История создания ‘Рудина’, тех колебаний, которые испытывал во время нее Тургенев, тех переделок, которым он подвергал своего героя,— общеизвестна. Если дополнить ее сведениями, сообщенными Чернышевским в его воспоминаниях (‘Совр. Мир’, 1911 г., No 11, стр. 178—179), его можно считать установленным, что только что приведенный отзыв Ник. Гавр. о ‘Рудине’ имеет за собой известные основания. Однако печатать его все же не следовало именно потому, что он приобретал явно тенденциозный характер в виду изменившихся отношений с Тургеневым, как не следовало позволять мелких выпадов по адресу Тургенева. {Примеры мелких выпадов ‘Современника’ приводятся М. Н. Гутьяром в его книге ‘Ив. Серг. Тургенев’, Юрьев, 1907 г., на стр. 239—240. } Конечно, существенного значения эта последние иметь не могли, так как в основе разрыва лежали несравненно более глубокие причины, о которых уже было достаточно говорено, но если бы редакция некрасовского журнала нашла в себе достаточно объективности, чтобы от них воздержаться, то это послужило бы только к ее чести.

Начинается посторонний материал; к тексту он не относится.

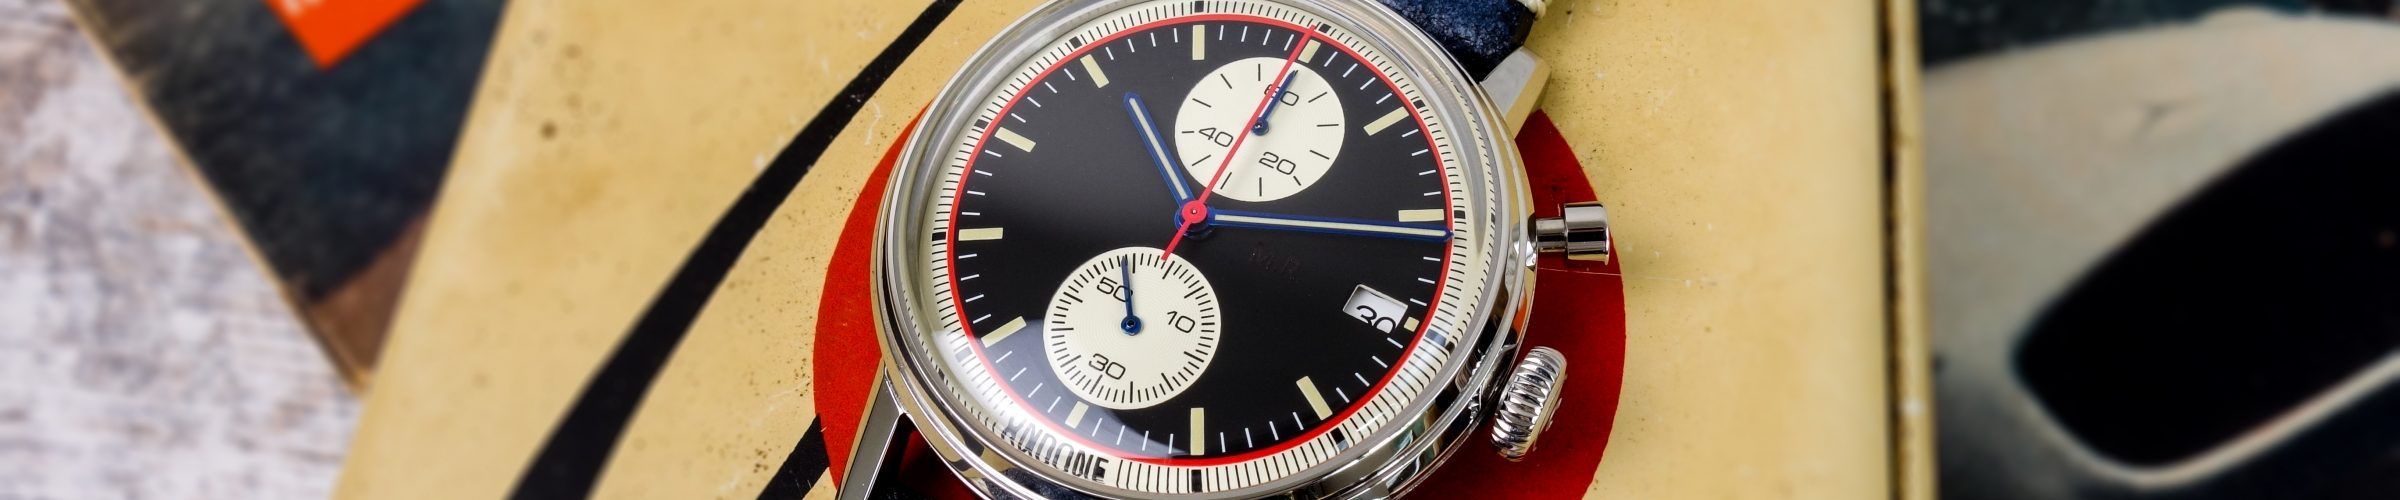 UNDONE Chronograph Konfigurator
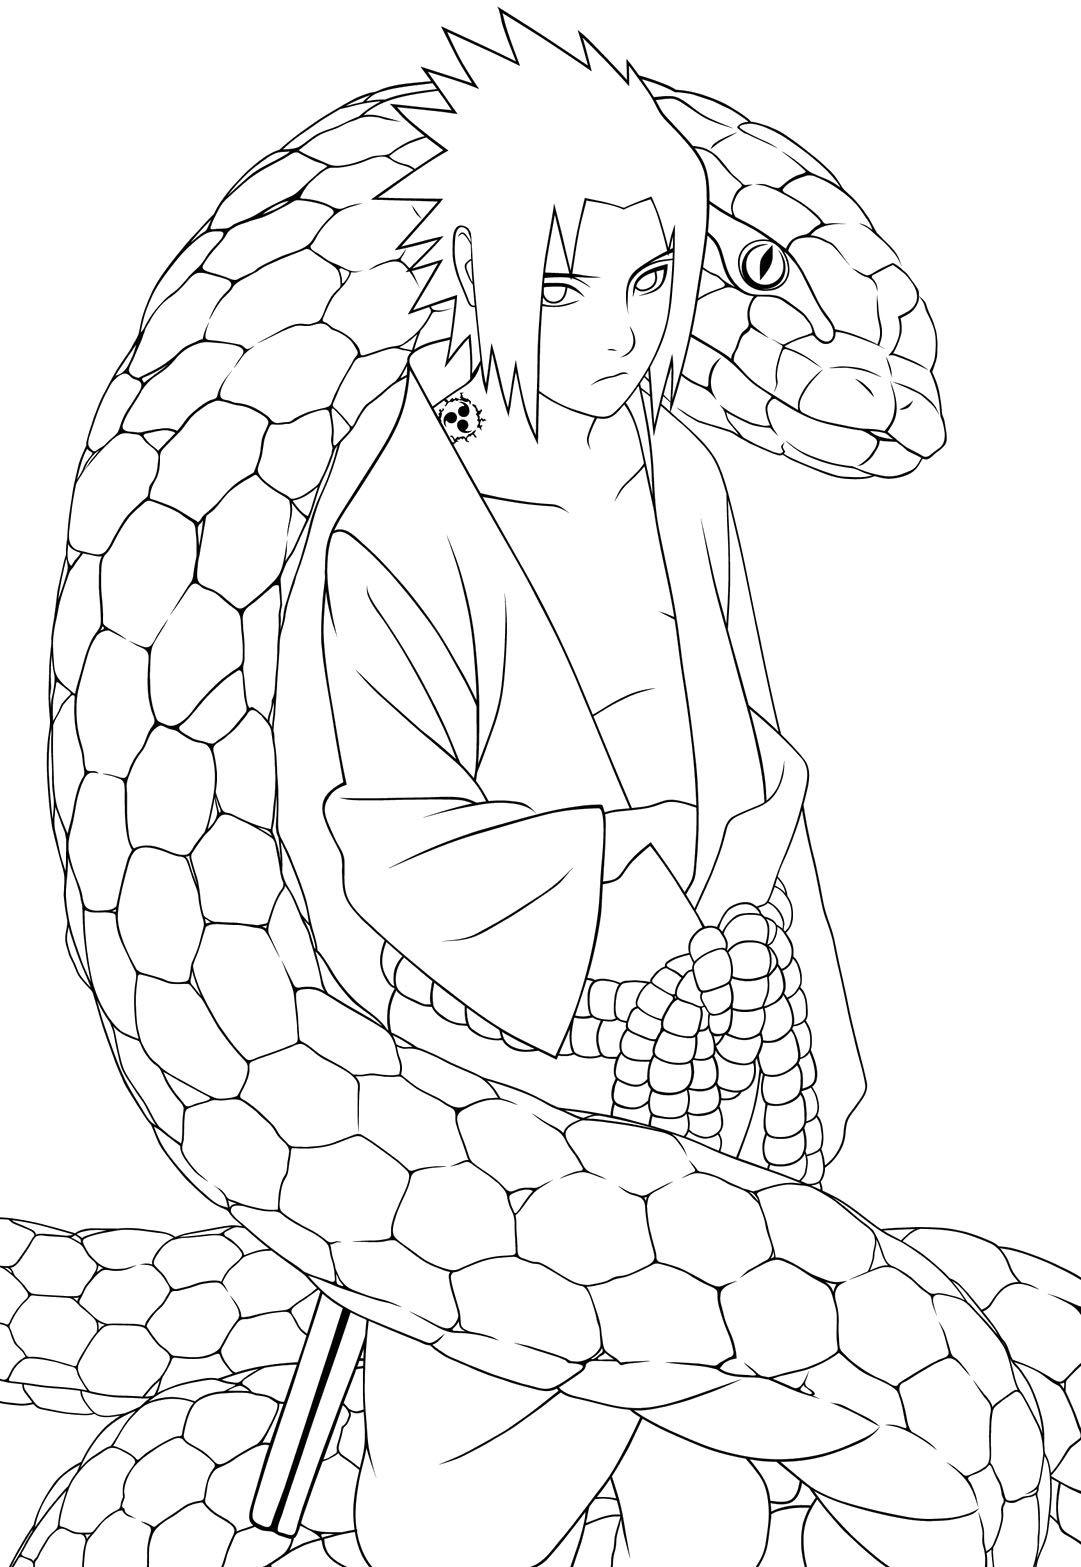 Naruto Shippuden additionally 11 furthermore Coloriage Ch C3 A8vre Sur La Prairie in addition Sketch Baby Satoshi For A Mini Doujinshi 554666167 moreover 3143971456 Blagues De Trolls. on sasuke and sakura

Не останавливаясь на дальнейших подробностях разрыва, окончательно фиксированного письмом Тургенева к Панаеву с отказом сотрудничать в ‘Современнике’ от 1—13 октября 1860 г. (оно, кстати сказать, не было передано Панаеву Анненковым) и полемикой между ‘Русским Вестником’ (1861 г., No 1, ст. ‘Несколько слов вместо современной летописи’) и ‘Современником’ (1861 г., No 6, стр. 452—456 ‘Современного Обозрения’), но поводу предъявленного первым обвинения, что отзывы (второго о современных писателях стоят в зависимости от того, сотрудничают ли они в нем или нет: с прекращением расчетов на сотрудничество изменяется-де и ‘тон отзывов’,— отметим, что если в начале 1861 г. разрыв этот еще не носил характера полной непримиримости (15 января 1861 г. Некрасов отправил Тургеневу письмо, в котором делал попытку восстановить их добрые отношения, говорил о своей любви к Тургеневу, о том, что он неотступно думает о нем и даже несколько ночей сряду видит его во сне), то во второй половине 1861 г. и особенно в 1862 г. он уже принял формы, отнимавшие всякую надежду на: более или менее безболезненный исход. В No 2 ‘Современника’ за 1862 г. в статье Чернышевского ‘В изъявление признательности’ (по поводу отношений его к Добролюбову) был приведен рассказ о том, как в разговоре с ним, Чернышевским, Тургенев назвал его ‘просто змеею’, а Добролюбова ‘очковой’. В третьей же книжке журнала появилась пресловутая статья Антоновича об ‘Отцах и детях’ — ‘Асмодей нашего времени’, в которой Тургенев весьма решительным образом был зачислен в ряды обскурантов и гонителей молодого поколения. Конечно, включение в статью Чернышевского рассказа о прозвище, данном Тургеневым Добролюбову, симпатии к которому были разогреты его безвременной кончиной, и, в особенности, помещение статьи Антоновича, написанной в тоне более чем резком, свидетельствовали о значительной степени раздражения, накопившегося против Тургенева в редакции ‘Современника’.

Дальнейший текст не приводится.